── Recorded information
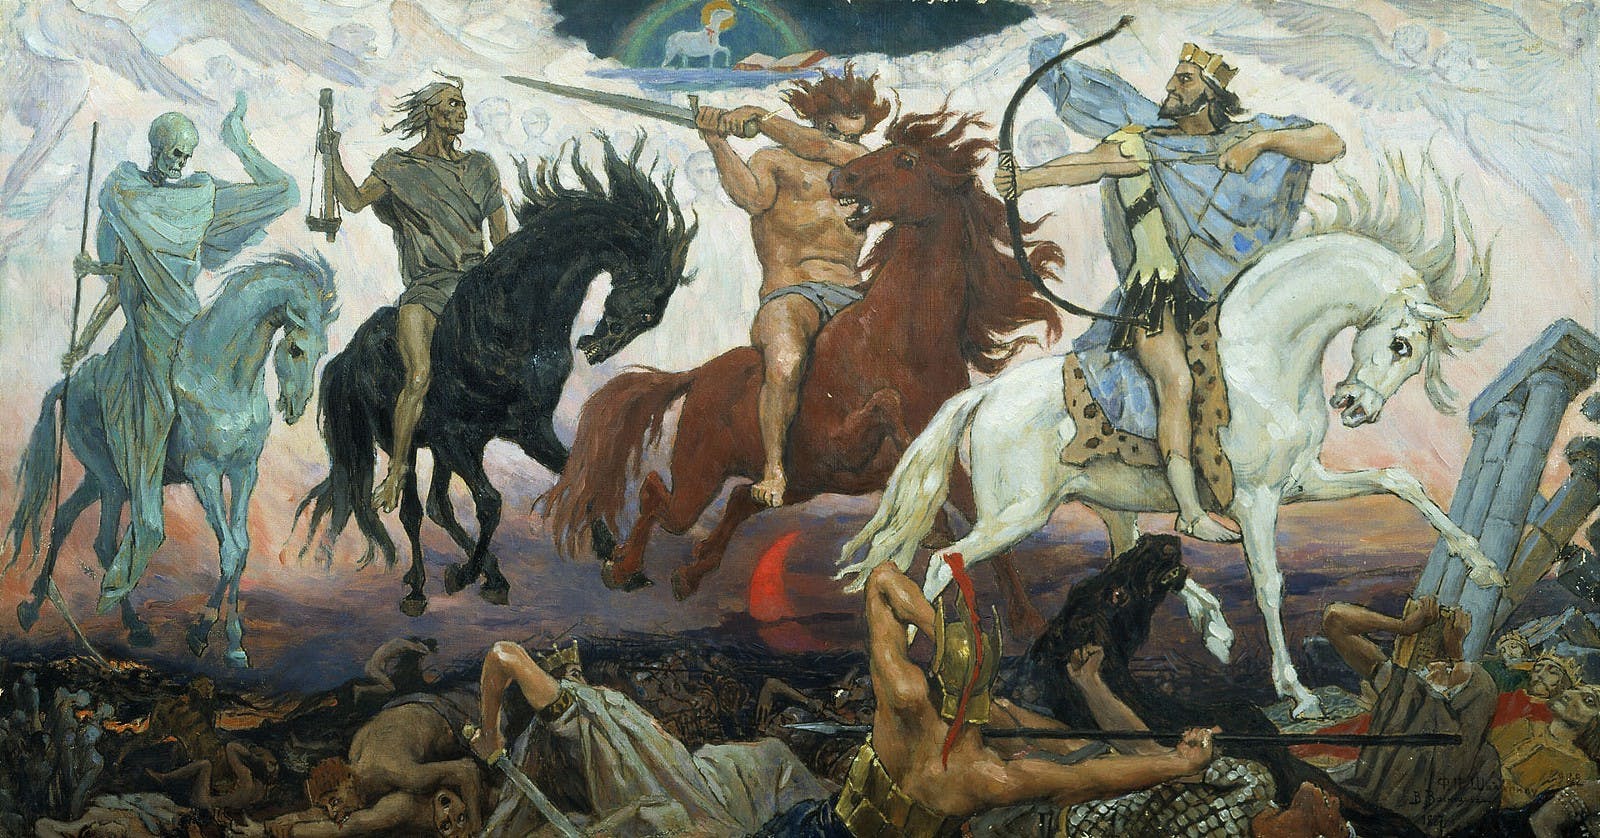 /the-four-horsemen-of-the-cryptocalypse-33acee1d79ac feature image
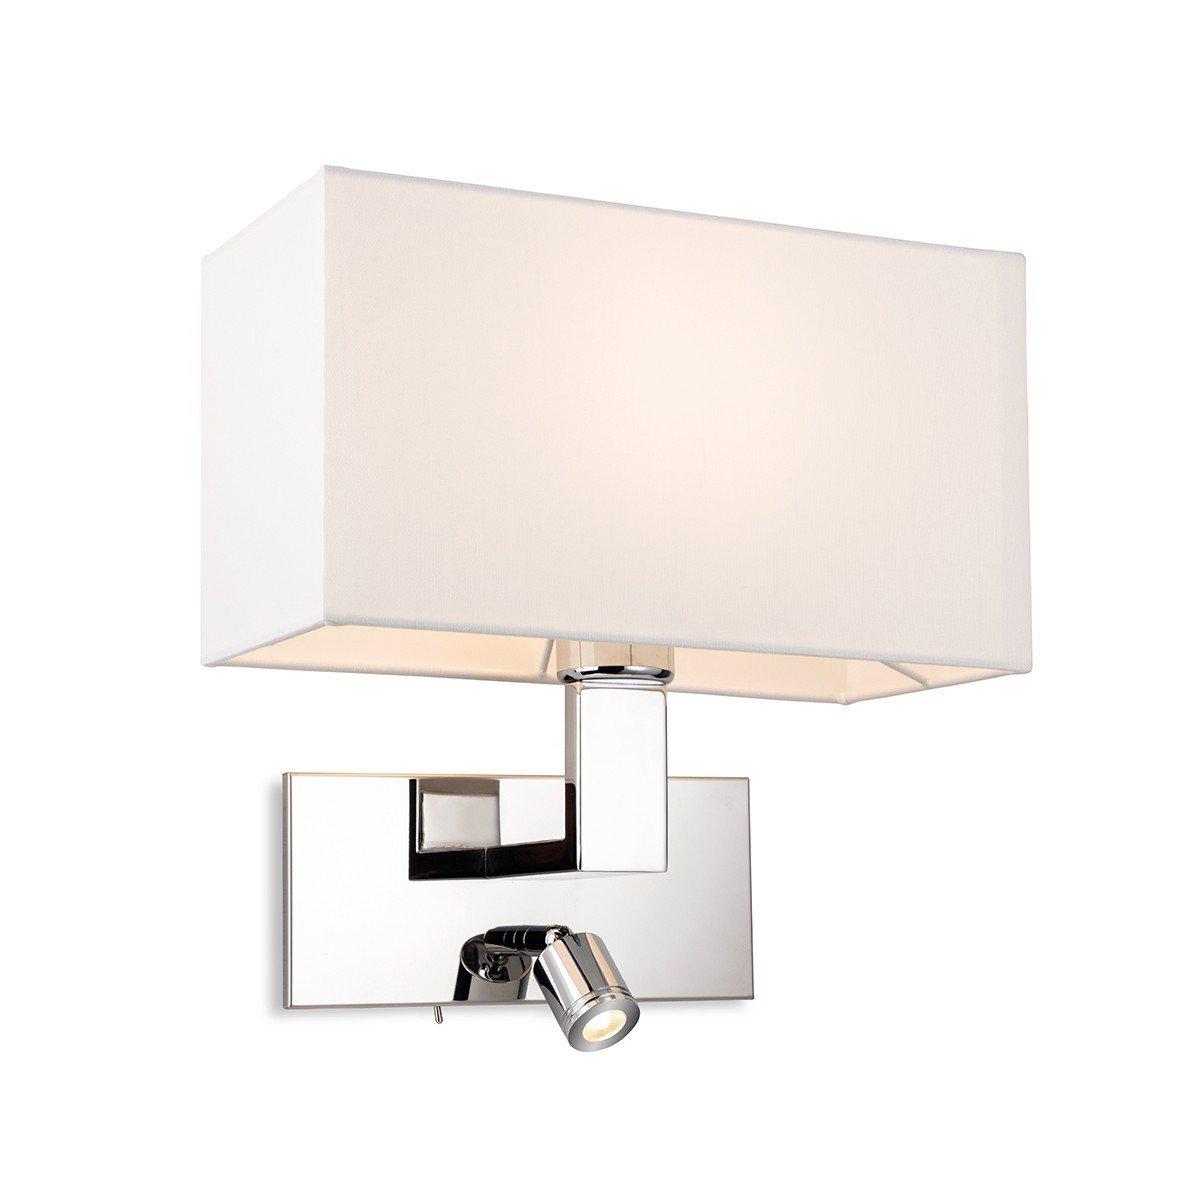 Raffles Wall Lamp with Adjustable Switched Reading Light Chrome with Cream Shade
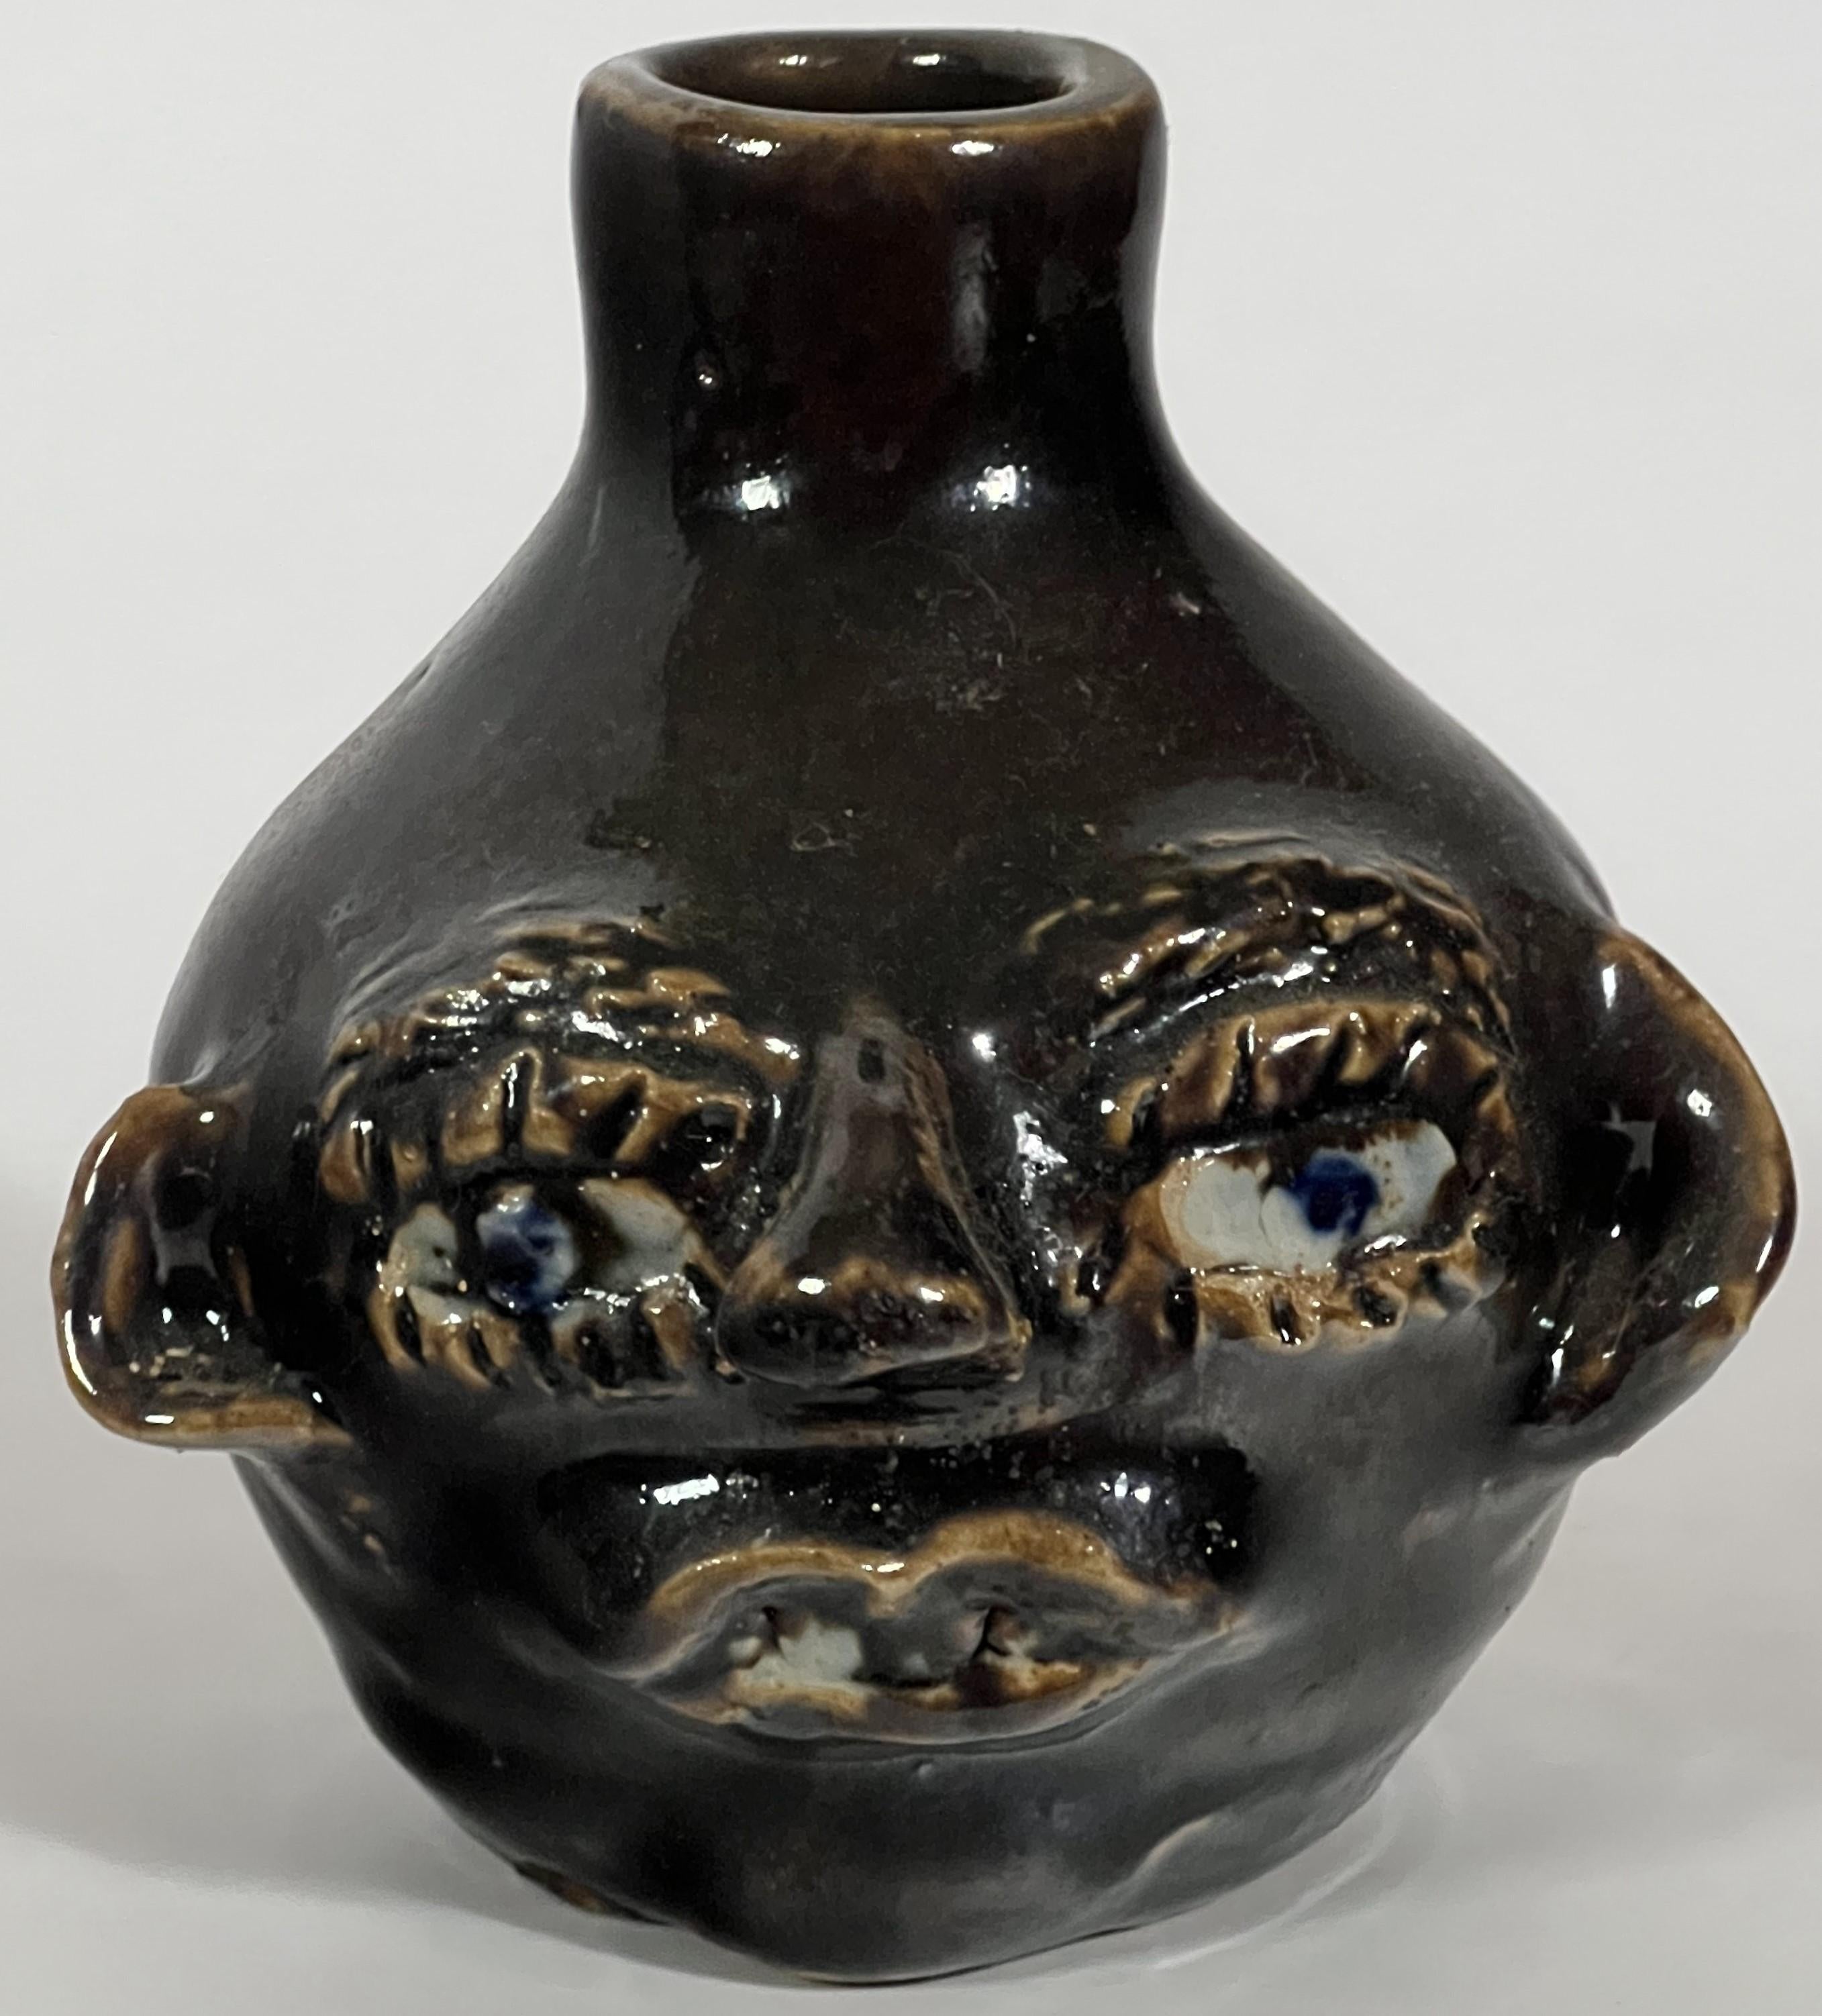 The Face Jug tradition in the Southern United States is the best known vernacular style and dates to the early 19th century.  The revival of the traditional Southern Pottery dates to the 1960's and was heavily driven by support from the Smithsonian
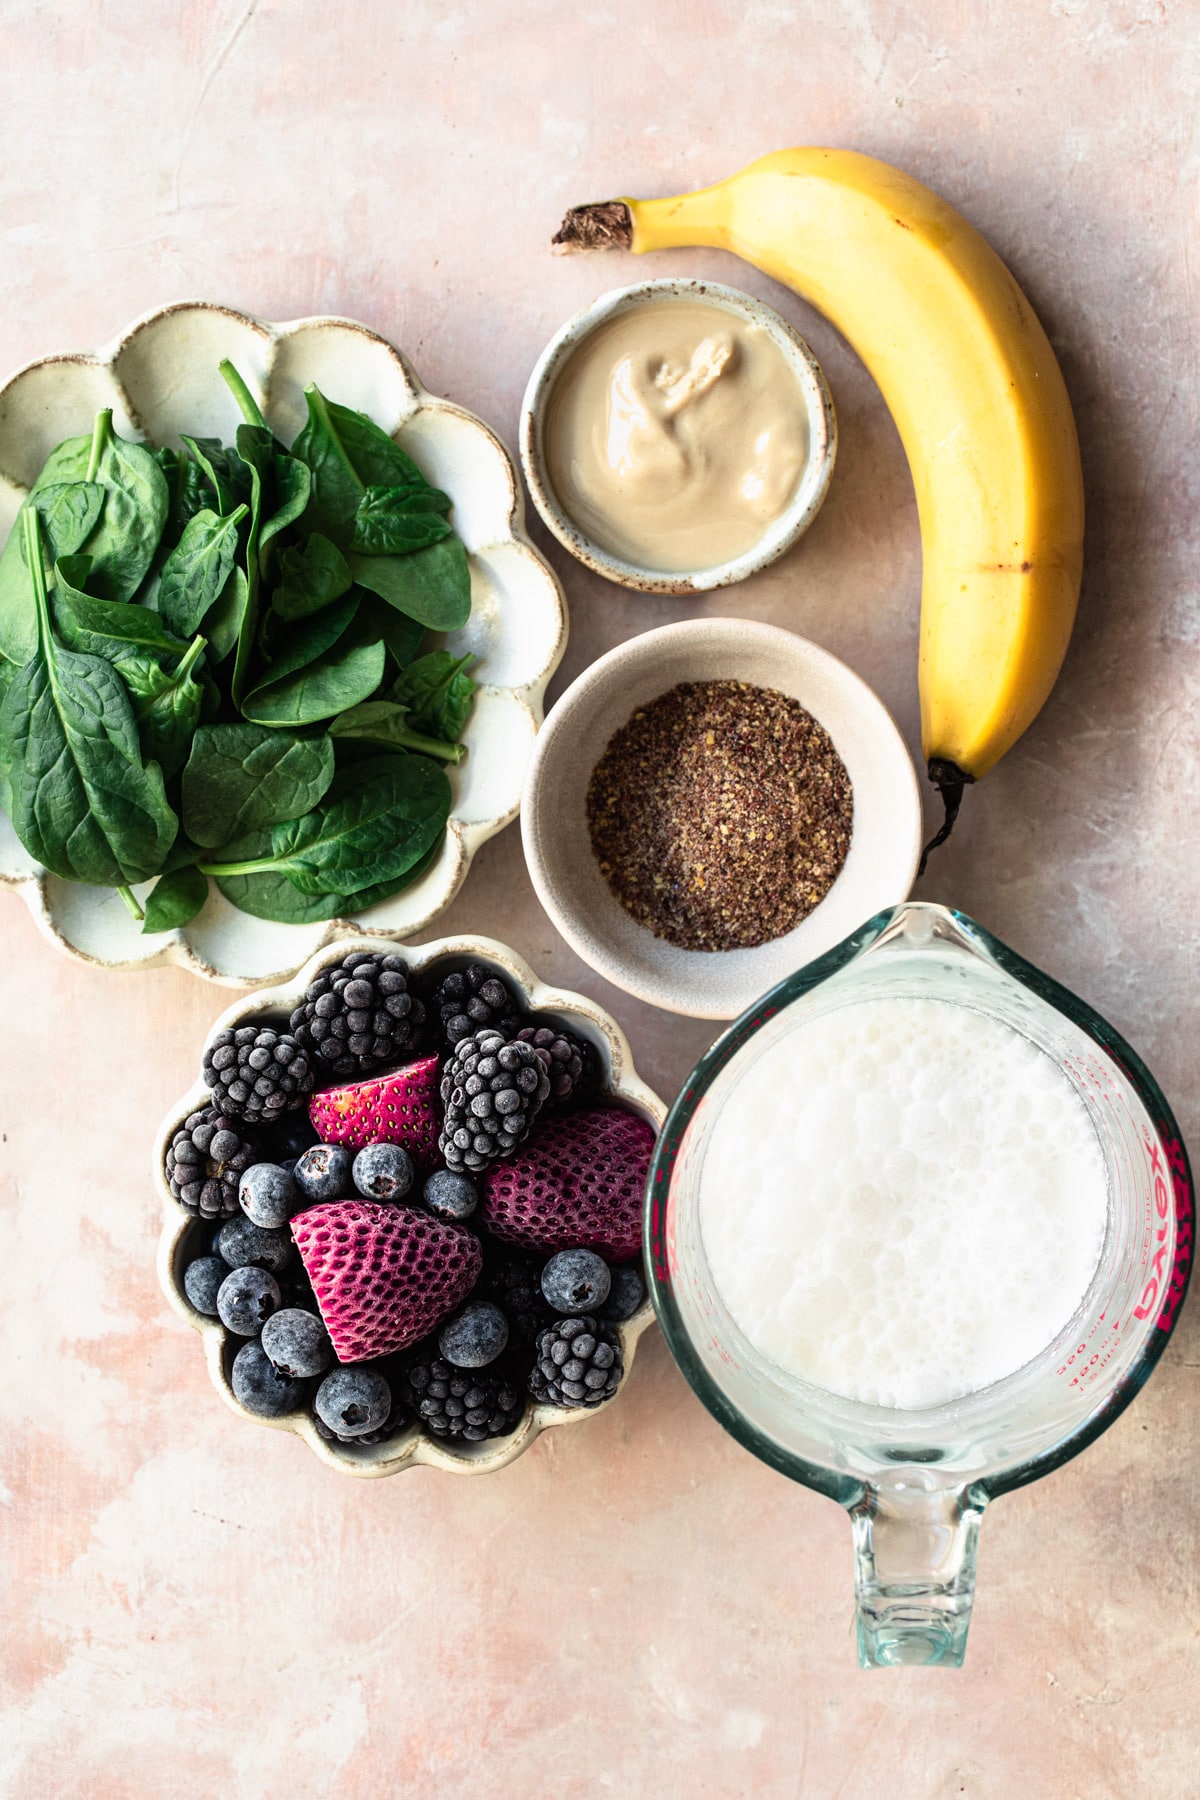 Ingredients for spinach berry smoothie including spinach, berries, coconut milk, flaxseed meal and tahini, laid out in individual bowls on a pink backdrop.
────
Print out the whole of the material word for word, without pictures.

 /the-four-horsemen-of-the-cryptocalypse-33acee1d79ac feature image
 Raffles Wall Lamp with Adjustable Switched Reading Light Chrome with Cream Shade
 The Face Jug tradition in the Southern United States is the best known vernacular style and dates to the early 19th century.  The revival of the traditional Southern Pottery dates to the 1960's and was heavily driven by support from the Smithsonian
 Ingredients for spinach berry smoothie including spinach, berries, coconut milk, flaxseed meal and tahini, laid out in individual bowls on a pink backdrop.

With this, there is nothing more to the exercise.